Пропустить этот миг никак нельзя.
Й — ей!
Если пока остались на белом свете, который зовётся Большой Дунэй, истории, достойные внимания и теперь, когда глаза разбегаются от того, что с самого раннего утра и до поздней ночи бесстыжий московский ящик показывает, и уши сами начинают закрываться от тех слов, какие в нём говорят и какие даже скромная раньше аульская молодёжь потом громко повторяет, если есть ещё такие сокровенные истории, которые раньше достойно назывались хабарами, то одна из них — как раз эта, история Медленного Джигита и малой птахи — Первого Жаворонка… А, может быть, не одна из них, но — одна единственная? Самая последняя перед концом времён, о котором говорится в священном Коране у пророка Магомета, ым?!
Никто теперь не помнит, когда он поселился в Гатлукае, никто не знает в точности, откуда сюда приехал. Да и зачем теперь знать?

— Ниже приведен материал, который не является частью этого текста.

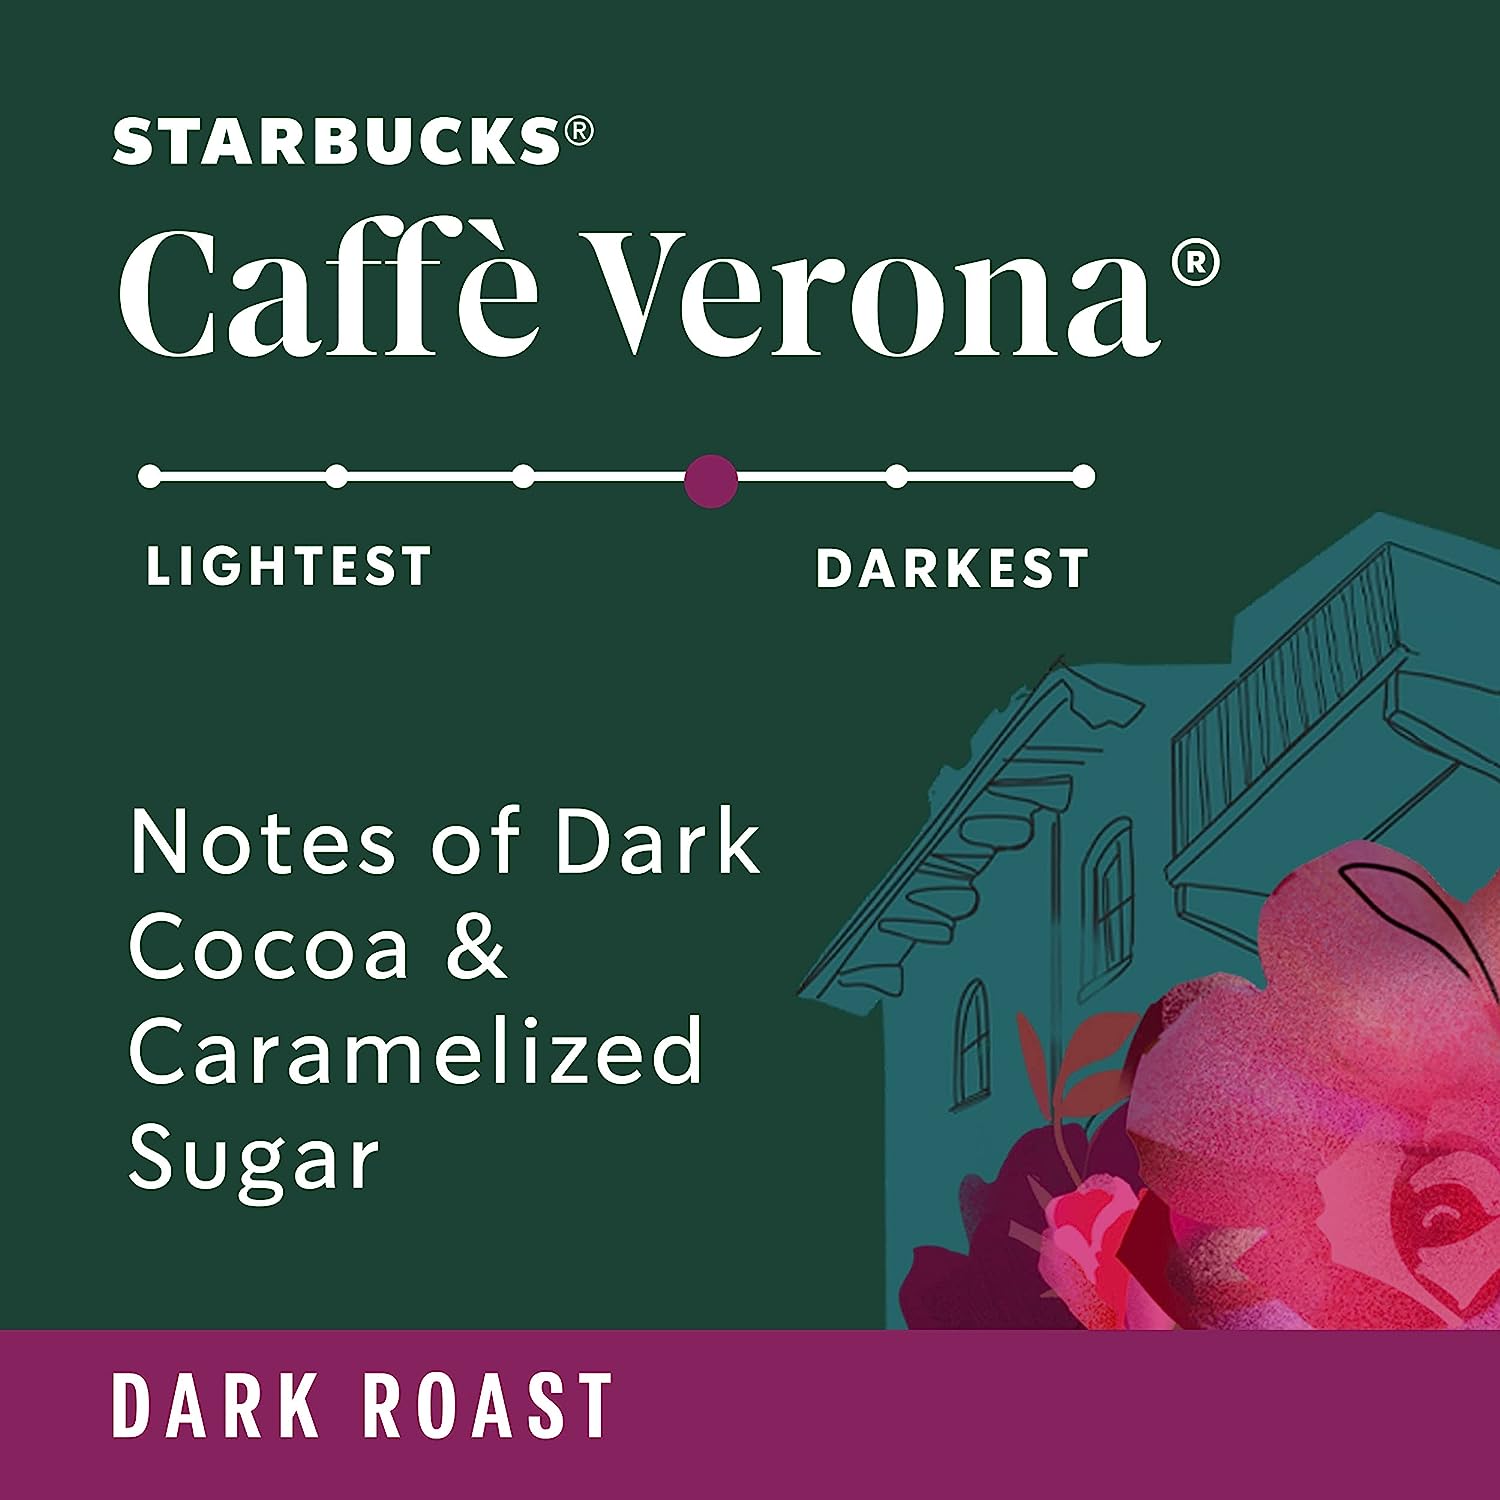 Starbucks K-Cup Coffee Pods—Starbucks Blonde, Medium, Dark Roast & Flavored  Coffee—Variety Pack for Keurig Brewers—1 box (40 pods total)

Разве может это хоть каплю добавить к тому, что потом случилось, или хоть что-то объяснить.
Вполне может быть, что Медленный Джигит тут и родился, тут и вывелся, как любят казаки говорить.
Может быть, что жил тут всегда.
Просто никто на него особенно не обращал внимания до тех пор, пока у него не появилась его белая, как яблоневый цвет, белая, как материнское молоко, машина «волга».
Никто не видел, как её пригнали в аул, но однажды ранним утречком она выехала со двора Батырбия Чесебиева, который тогда ещё не был Медленным Джигитом, а так и был — просто Батырбий, тихий учитель русского языка в аульской школе.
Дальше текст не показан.